# DATA FOR THIS EXERCISE:
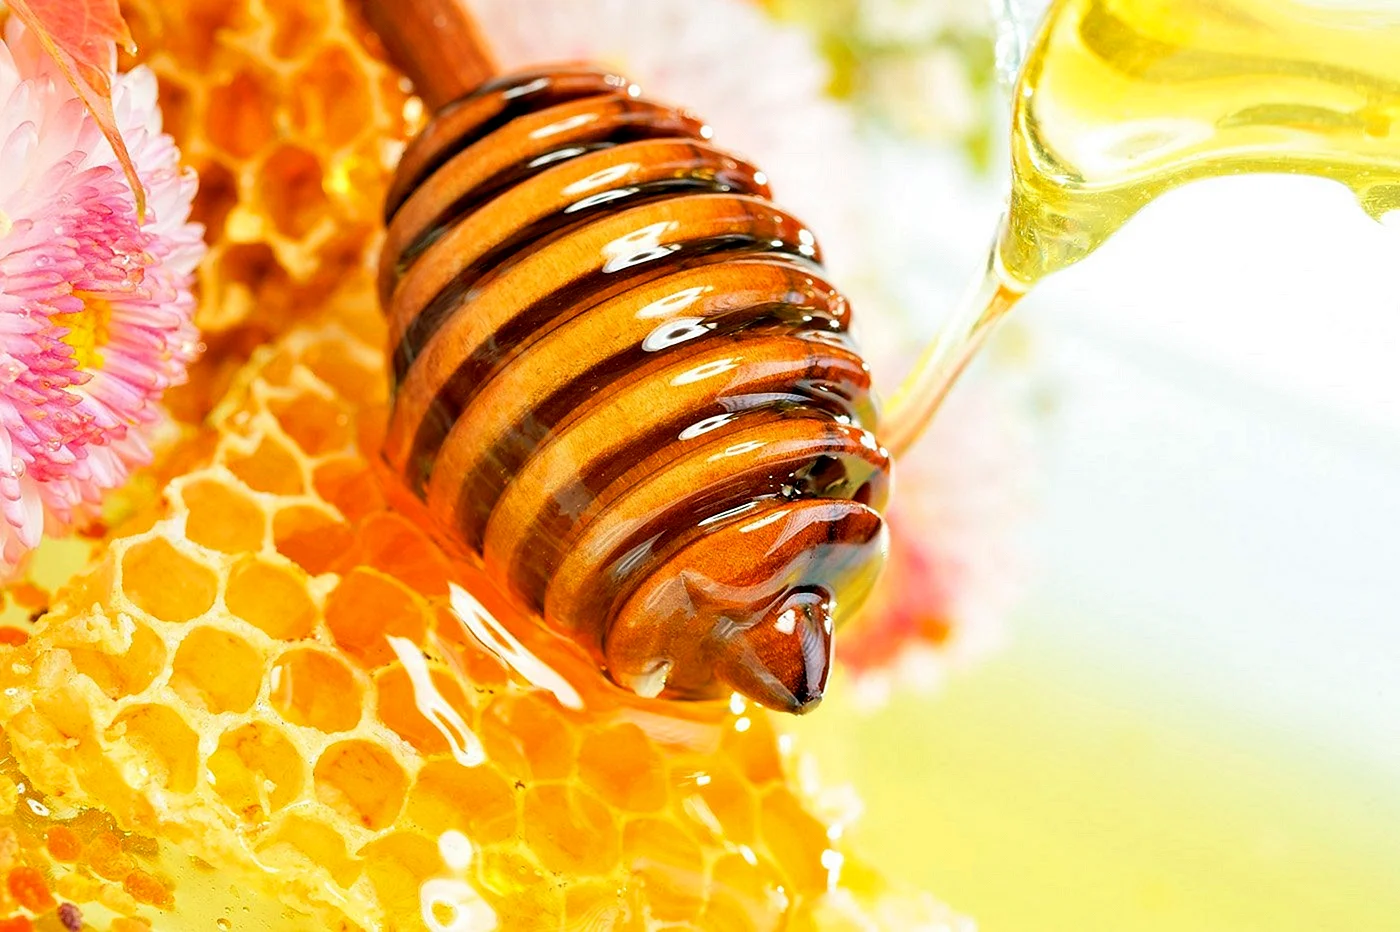 Пчелы и мед
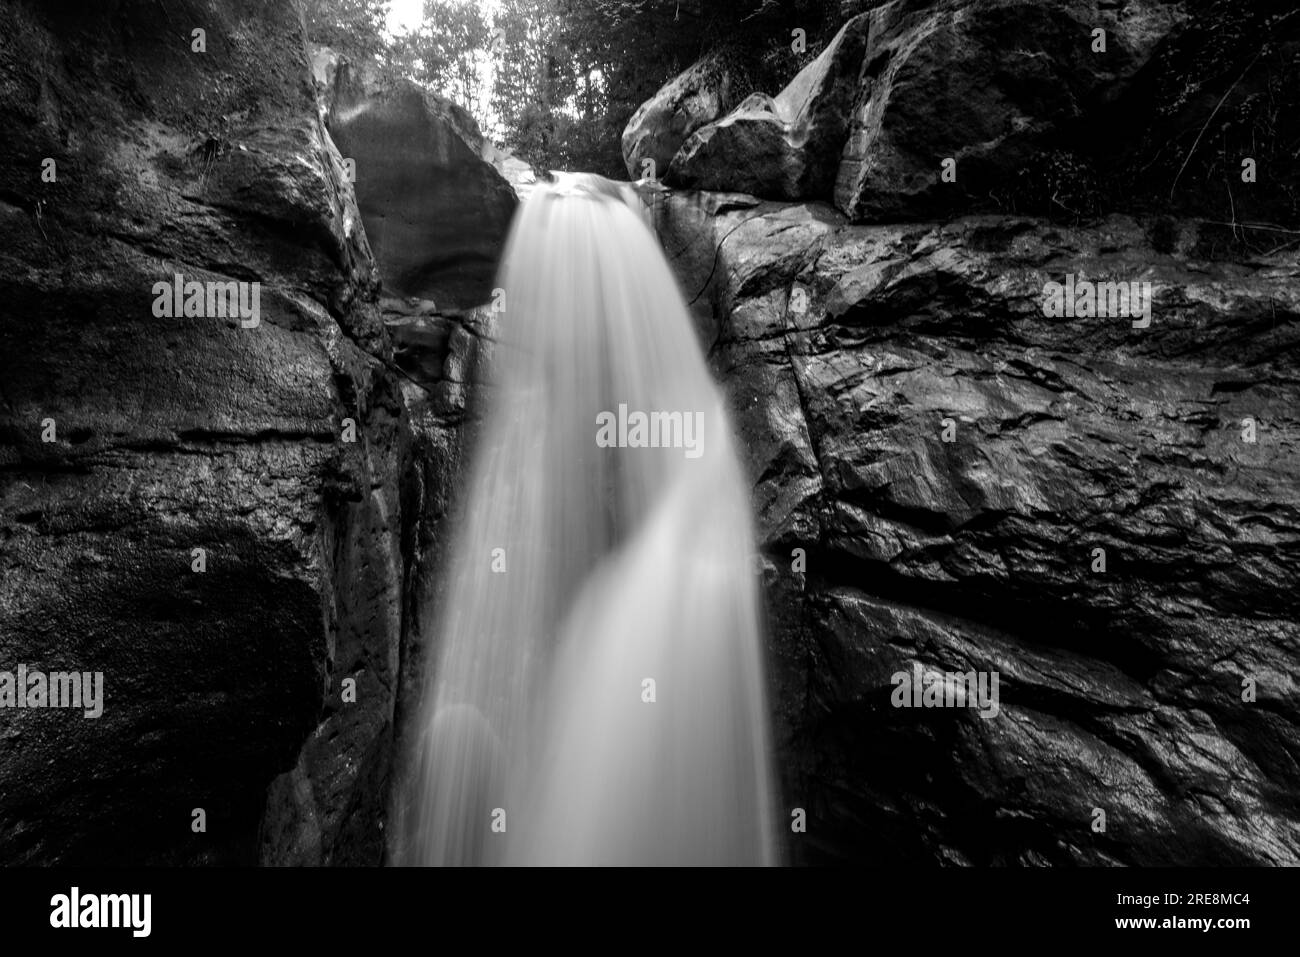 Aufnahmen mit langer Belichtung im Wasserfall in Schwarzweiß Stockfoto
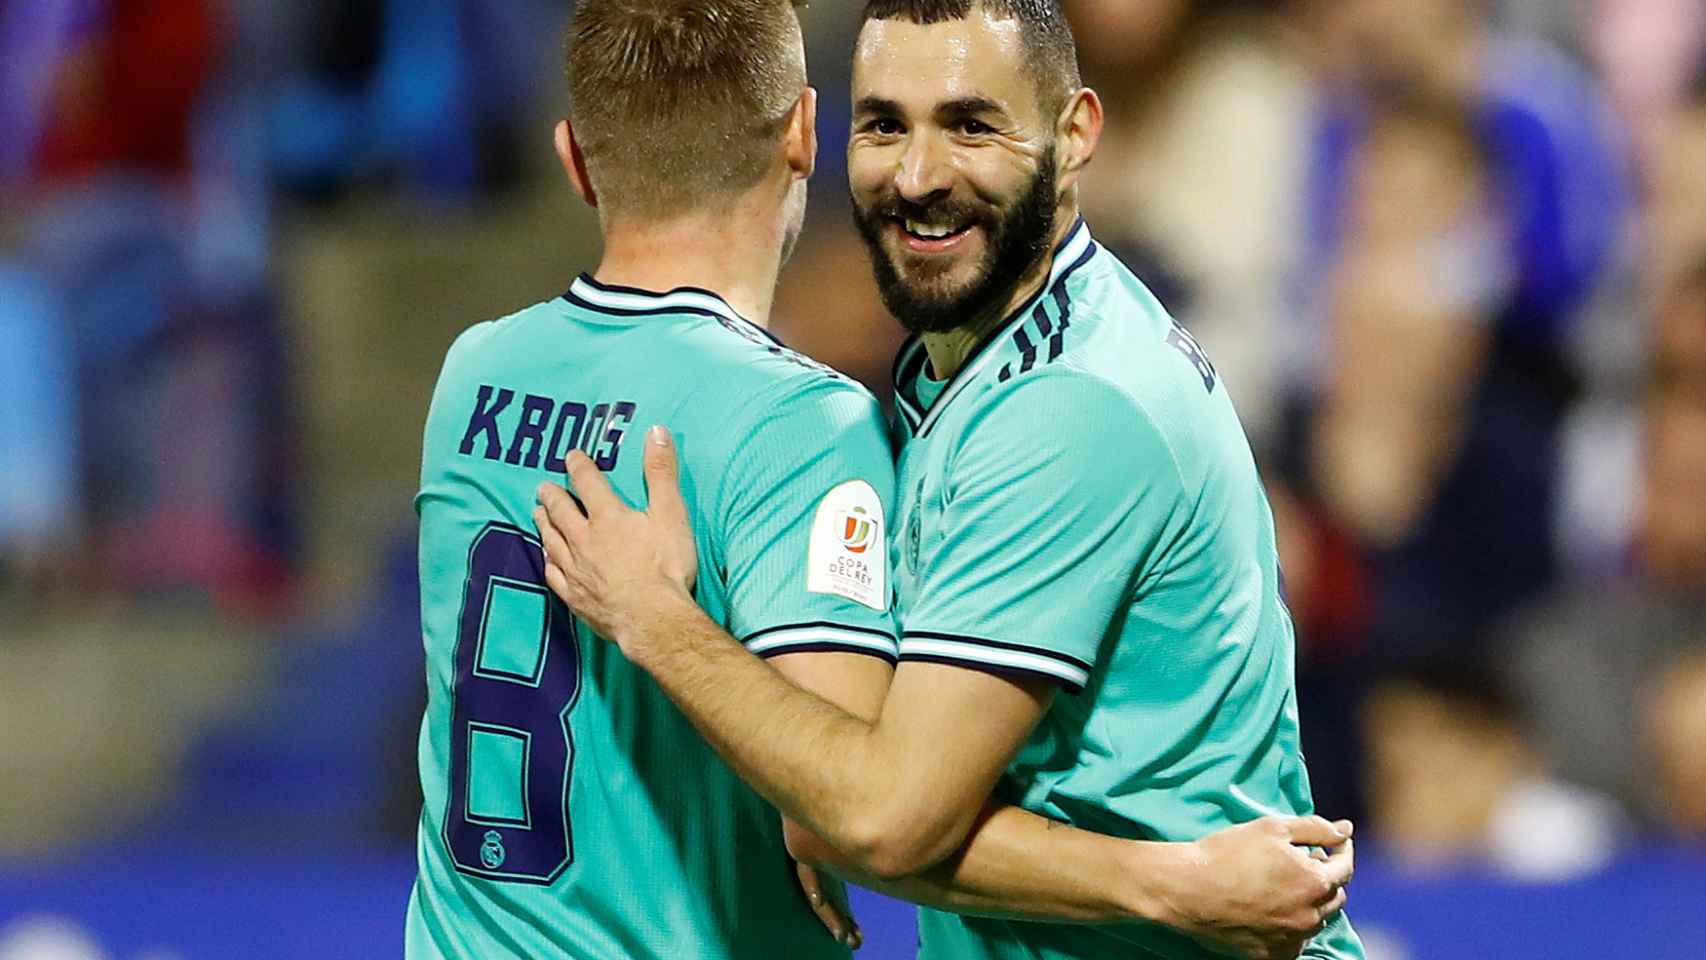 Toni Kroos felicita a Karim Benzema tras su gol al Real Zaragoza
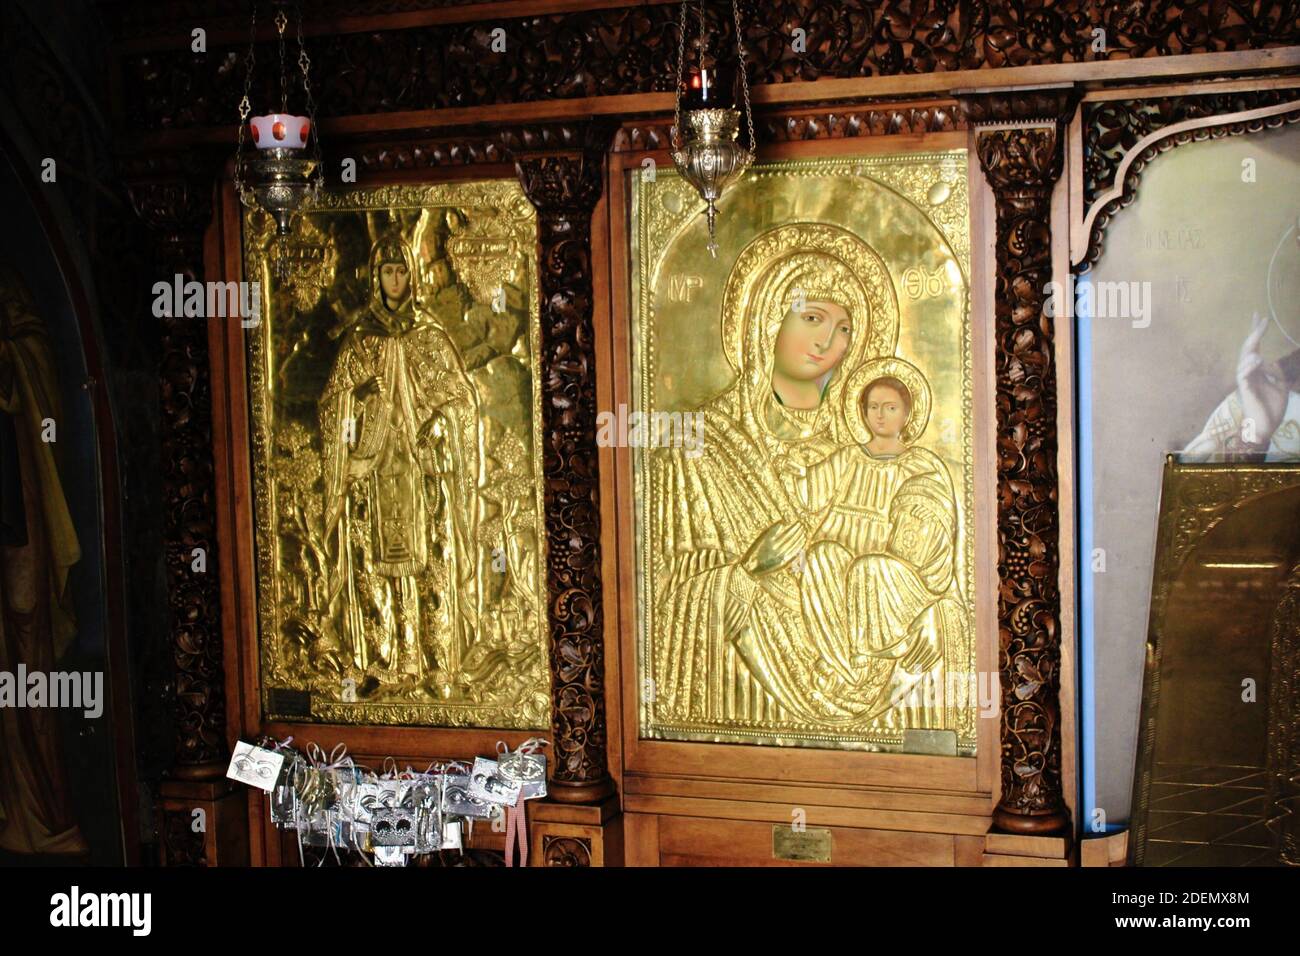 Icona greca ortodossa della Vergine Maria con Gesù Cristo. L'icona è realizzata a mano e ricoperta di oro - Atene, Grecia, marzo 12 2020. Foto Stock
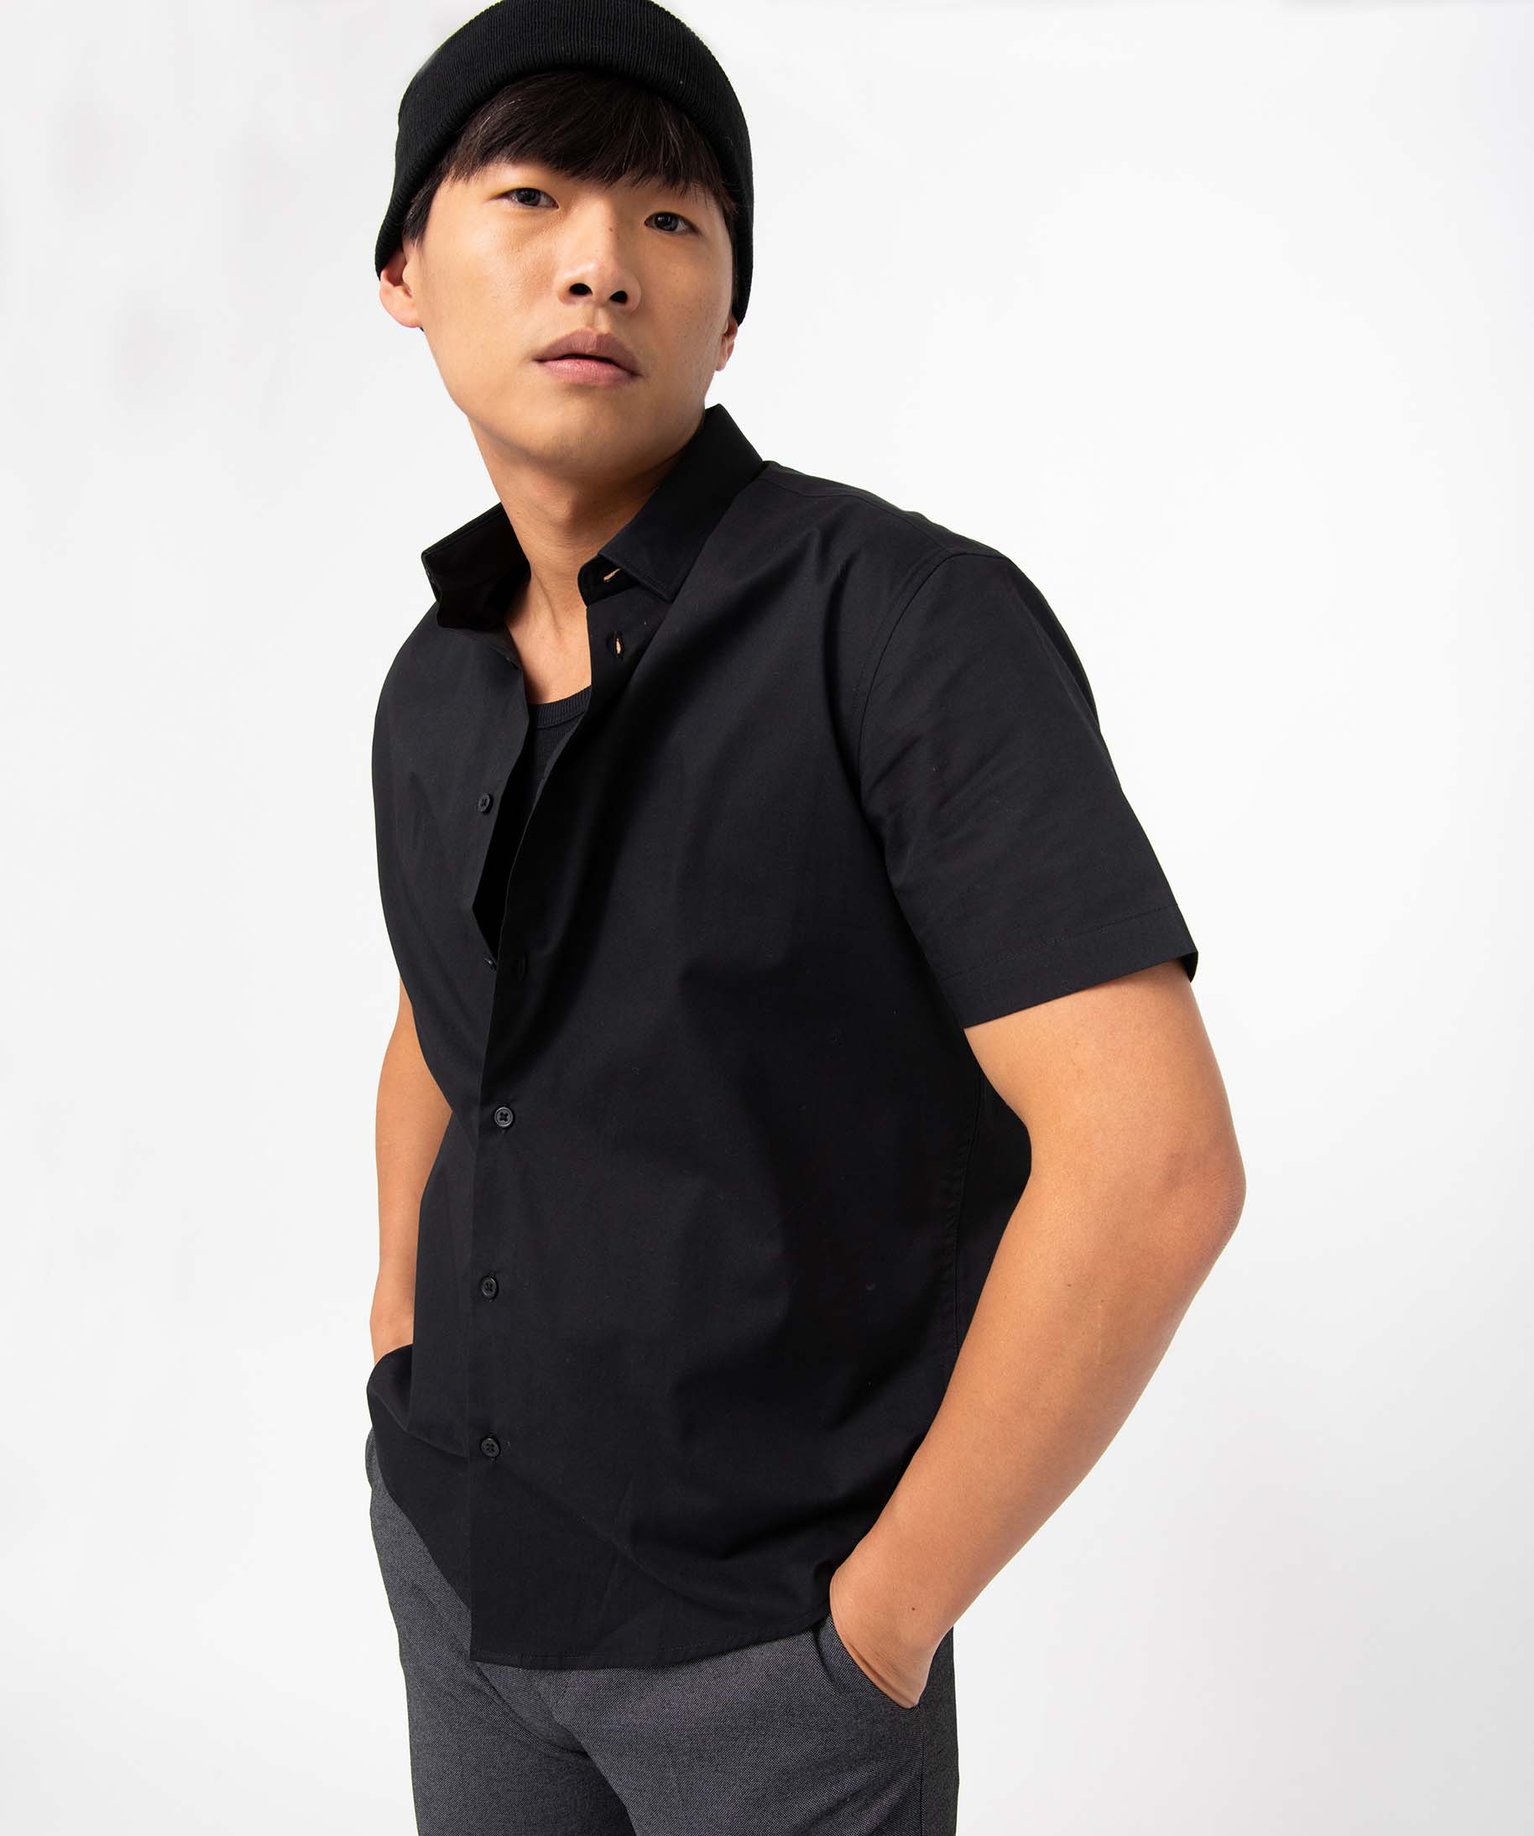 chemise homme a manches courtes coupe regular - repassage facile noir chemise manches courtes

# TO DO:
Restrict the output to the lines from the one with "Toni Kroos felicita" through the last line of the material above. Print them exactly, leaving out every picture.

# RESPONSE TO THE EXERCISE:
 Toni Kroos felicita a Karim Benzema tras su gol al Real Zaragoza
 Icona greca ortodossa della Vergine Maria con Gesù Cristo. L'icona è realizzata a mano e ricoperta di oro - Atene, Grecia, marzo 12 2020. Foto Stock
 chemise homme a manches courtes coupe regular - repassage facile noir chemise manches courtes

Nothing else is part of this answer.